I don't actually intend to talk much about the ADD-like symptoms of much younger readers, just to say it annoys me and I see no benefit as yet.

Just a bit of reference, I tend to be the oldest of my group. A lot of my closest friends cluster near my age but the majority of my friends are new university graduates and an increasing number are university aged. That said, I think amongst my peers 90% of reading is done electronically, as is 100% of writing. Amongst the avid readers in my group everyone has an eBook reader of some sort. I was the last hold out, but now even I have one by default with iPhone 2.0 software. 

The trend in not attempting to remember seems (very anecdotally and unscientifically) to result from the easy access to information. Wikipedia and Google make it easy to find what you need, and constant connectivity makes them always available. So, why remember, for example, geographical facts? In fact tools like portable GPS systems are taking this phenomenon local. I hate to "blame" my favorite new toy... but with an iPhone 3G I never ever attempt to learn new things about where I live- I only half jokingly "just ask the portable brain."

The issue is that habits are being formed in regards to how we learn and retain information. While using the technology for reference seems ideal, increasingly people around me are taking those habits into their offline reading and elsewhere in their lives. Learning may stop being a lifelong habit, and we may be replacing it with rapid and constant referencing instead.

There is a plus side. I do get to enjoy multiple readings of my favorite fiction more and more. 

Seriously, there is an upside. People with these "reference don't learn" habits seem to have enhanced plasticity for new skills. At first I thought it was just in regards to computer like interfaces, like on a DVR, where you can sort of learn as you go.

Then I noticed how many of my friends when heading out to play paintball are suddenly experts on squad level battle planning and obscure Soviet infantry tactics. A week later they don't know what I'm talking about if I pick up an earlier conversation.

After a while I noticed that this extended into other skills, be it plans for the next white water rafting adventure or a trip to the theater. They "cram" as if for an exam, are experts for a few days... and then it fades away. 

Professionally this trend, thankfully, tends to be ameliorated.

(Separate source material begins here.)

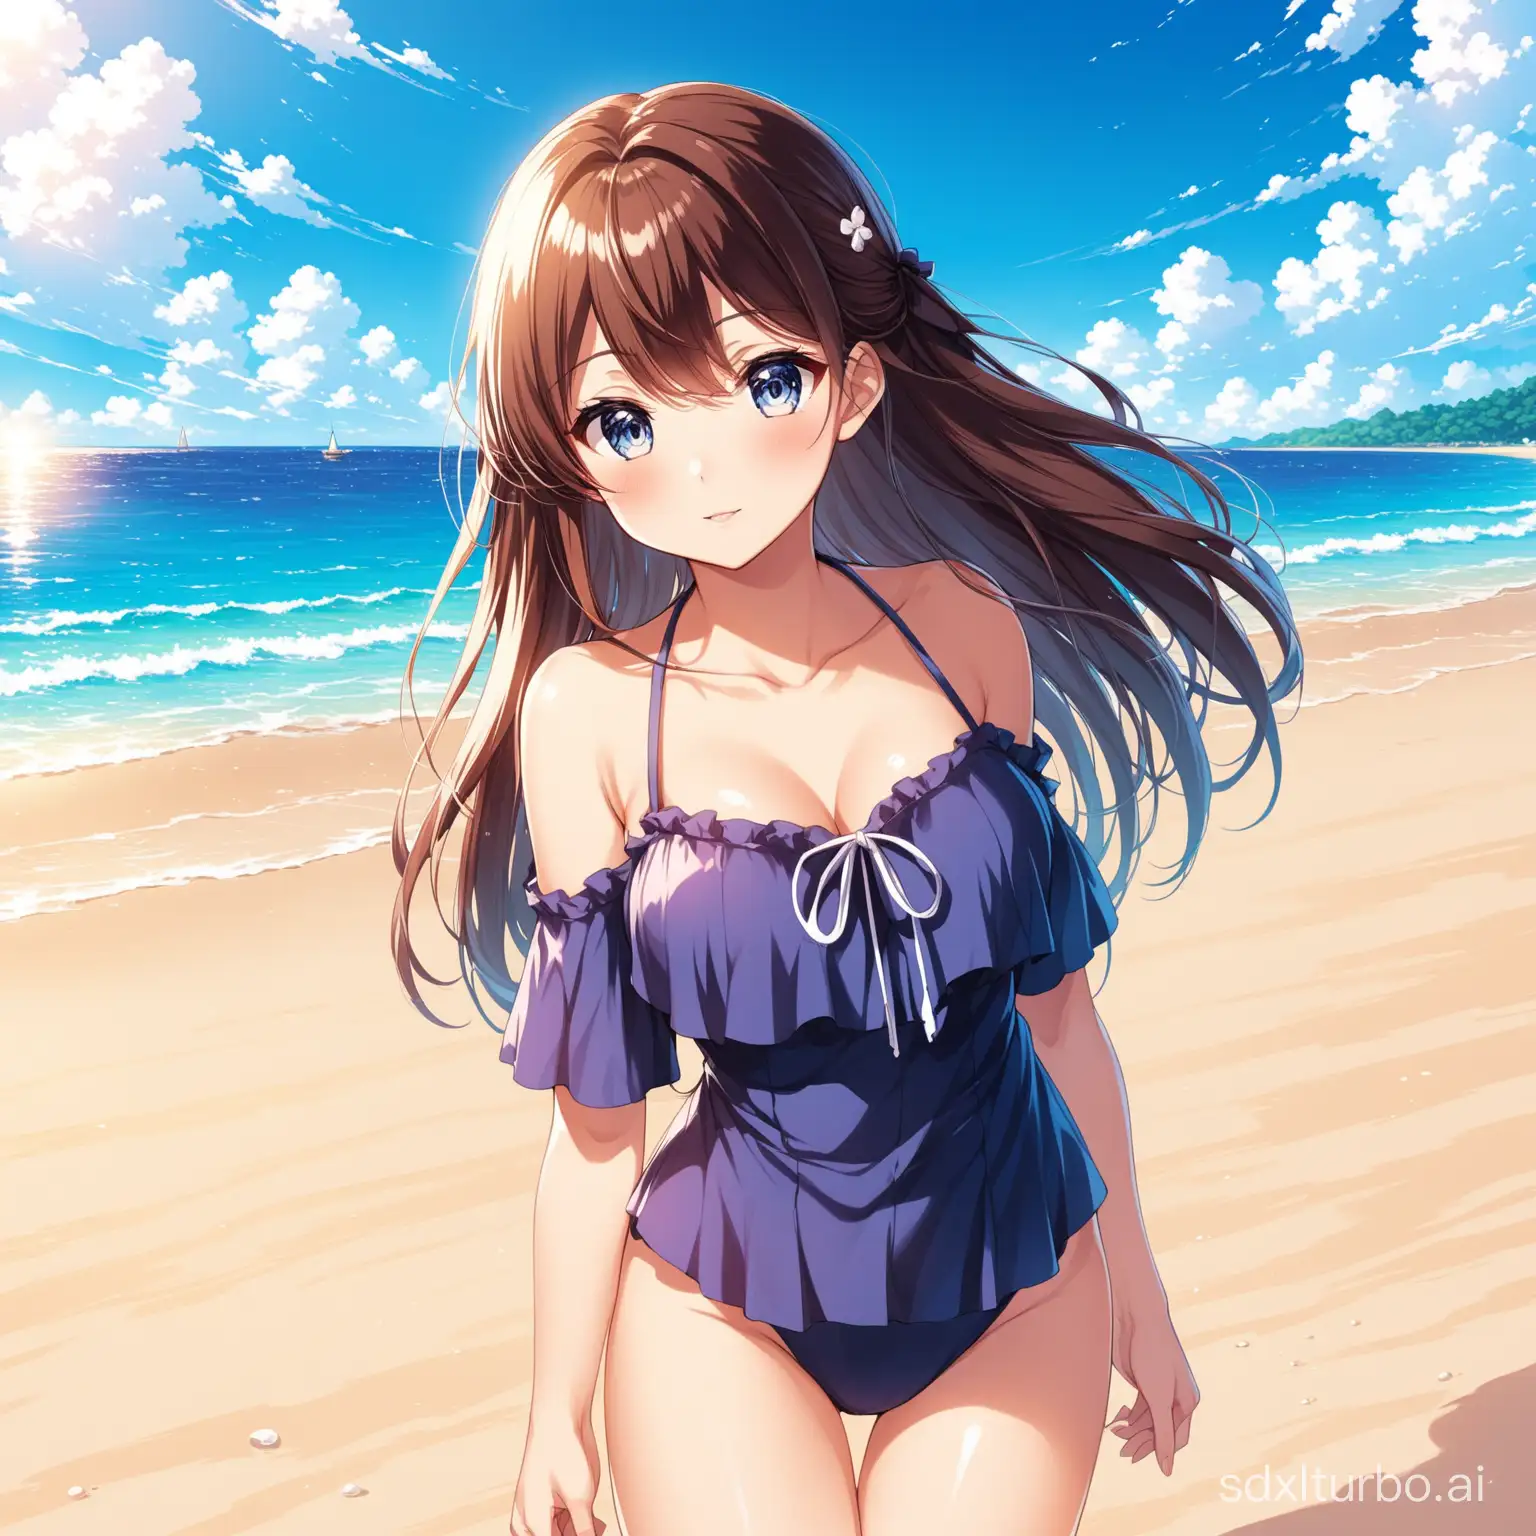 Anime girl on the beach

Professionals tend to retain core competencies within their fields, but they are able to extend themselves more effectively outside their specialties.

My concern is that this trend of rapid reference and forget makes core analytic skills more essential, and that our schools have never, institutionally, taught the logic or critical evaluation needed for analysis but rather just try to cram vast amounts of material into students for them to faithfully regurgitate.